Don Foss is walking away from his empire. You’ve probably never heard of Foss. But he’s likely the world’s richest used car salesman. He was also a pioneer of the subprime auto loan market.

These are car loans made to people with bad credit. Today, the subprime auto loan market is worth more than $175 billion. But this market didn’t even exist in the 1960s.

Back then, car companies like General Motors and Ford would only lend money to folks with good credit. It was simply too risky to lend money to people with bad credit.

But Foss saw opportunity where others saw only danger. He started selling cars on credit to people with shaky finances.

Was it risky? Sure. But Foss could charge these customers sky-high interest rates. No one else was lending money, after all.

Then, in 1972, Foss launched Credit Acceptance (CACC) to handle financing and debt collection for his growing used car empire.

Today, Credit Acceptance is a major player in the U.S. subprime auto loan market. It’s worth $4.2 billion. And business has never been better.

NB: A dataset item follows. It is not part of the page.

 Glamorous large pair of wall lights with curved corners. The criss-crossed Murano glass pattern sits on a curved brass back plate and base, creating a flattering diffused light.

• Last year, Credit Acceptance did $872 million in sales…

That’s 16% more than it did in 2015, and quadruple what it did a decade ago.

And yet, Foss wants out.

In January, he stepped down as chairman of Credit Acceptance. A month later, he sold $128 million worth of shares in the company. According to Bloomberg Markets, Foss wouldn’t say why he sold his shares.

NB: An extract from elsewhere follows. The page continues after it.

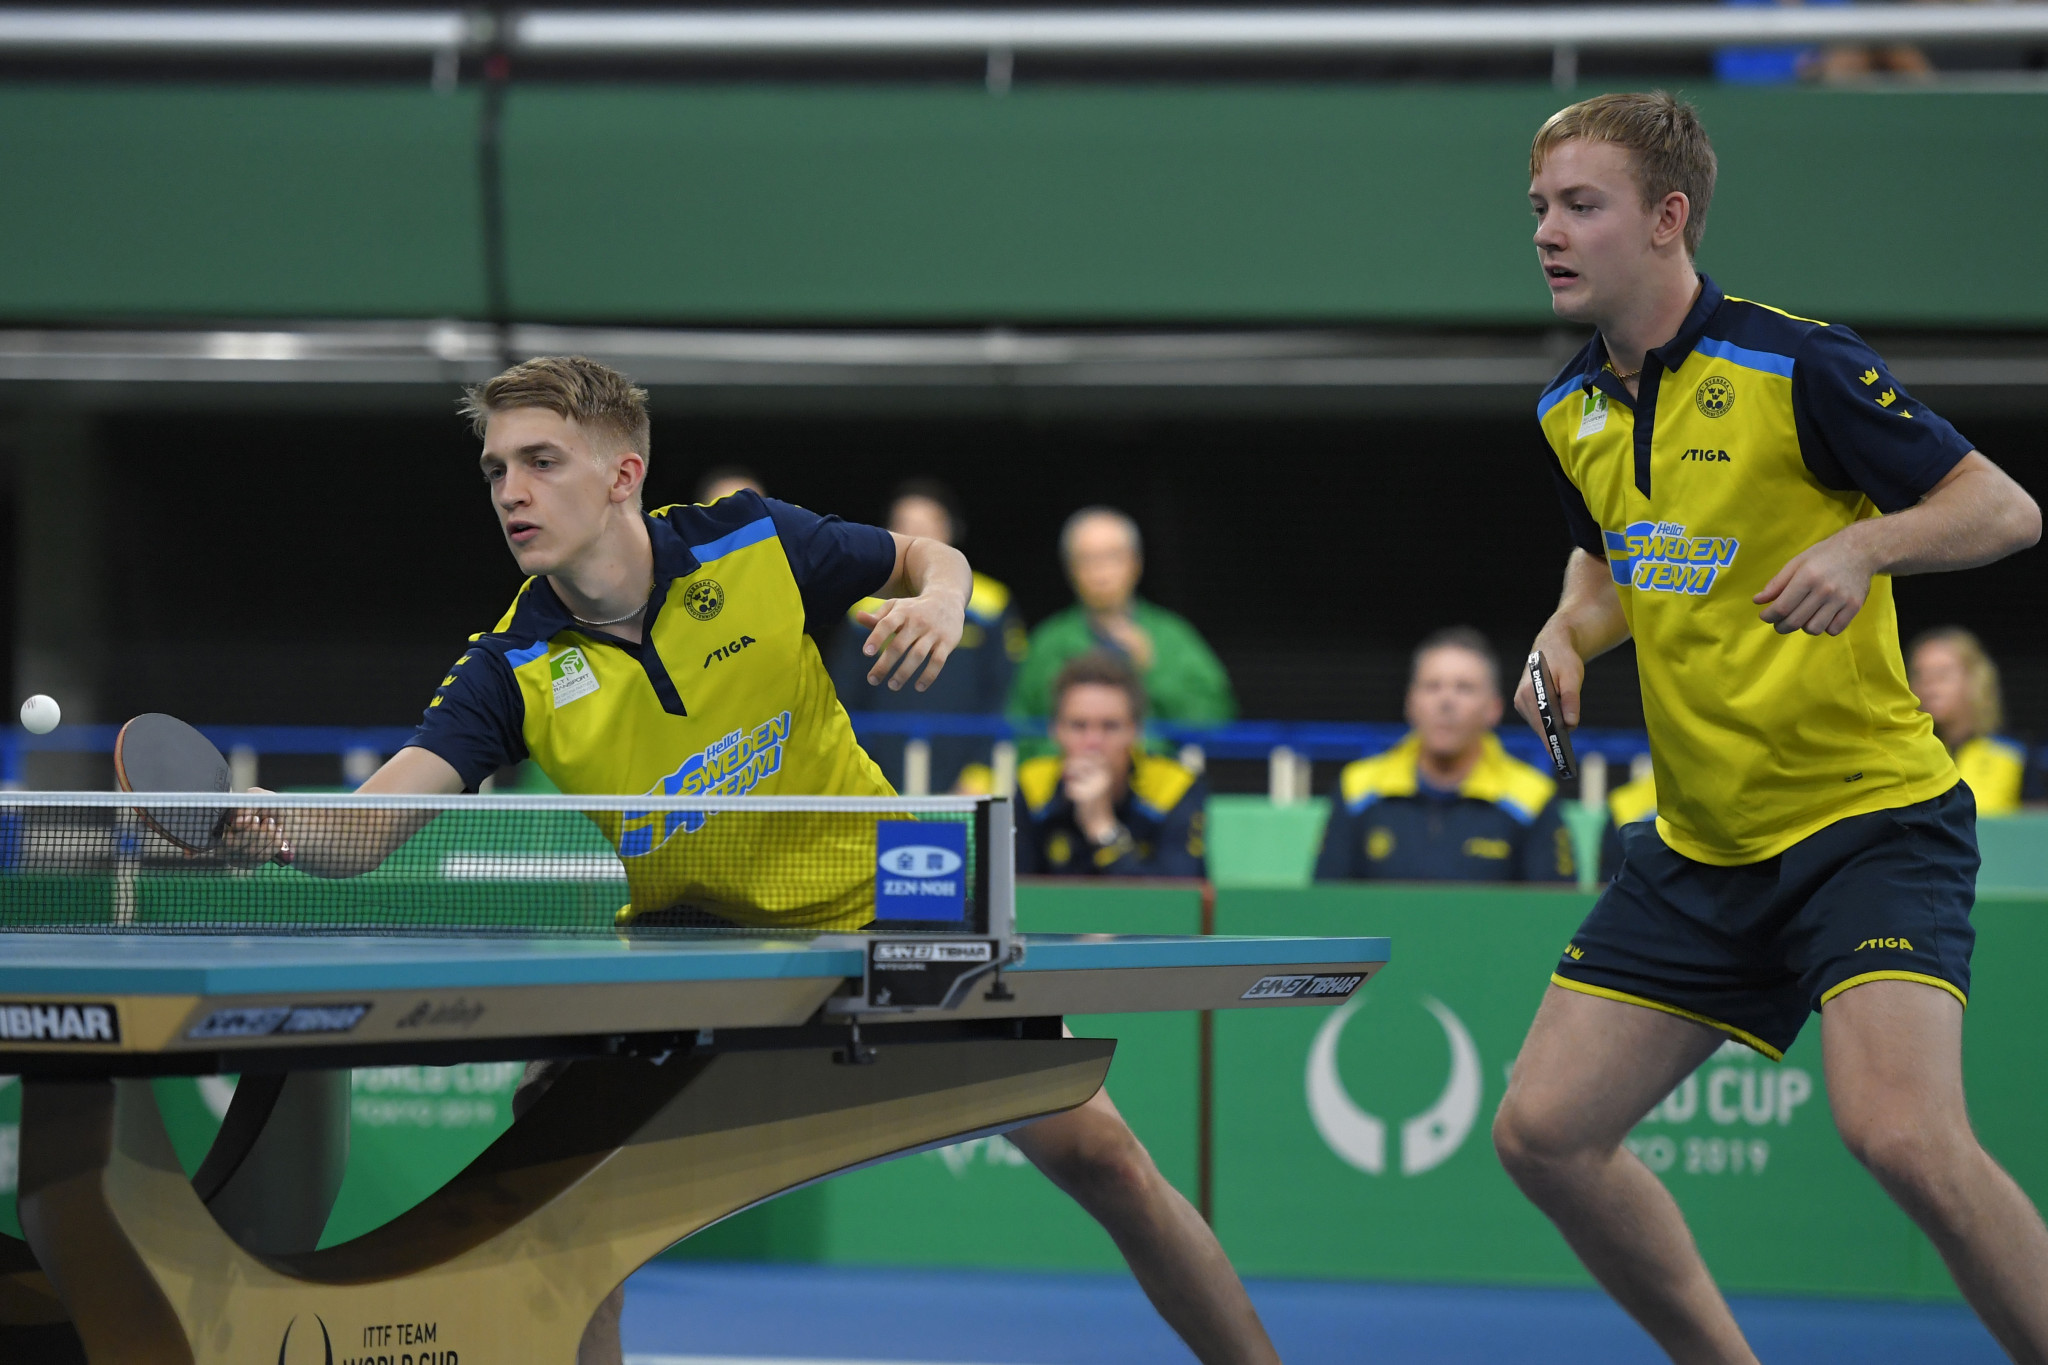 ITTF cancels Swedish International Open due to COVID-19 restrictions

To be fair, Foss has been at the top of the subprime auto lending business for five decades. If anyone’s earned the right to hang up their boots and relax, it’s him.

Still, you have to wonder why Foss would step down now. After all, Credit Acceptance is coming off its best year ever.

In short, his departure raises serious questions about the health of Credit Acceptance. But that’s certainly not the only reason to be nervous about the company.

• Sharks are circling the company…

Right now, 48% of Credit Acceptance’s outstanding shares are “short.” This means a lot of people are betting that the stock will crash.

According to Bloomberg, Credit Acceptance is the third most shorted stock in the Russell 1000 Index, which tracks large and midsize companies.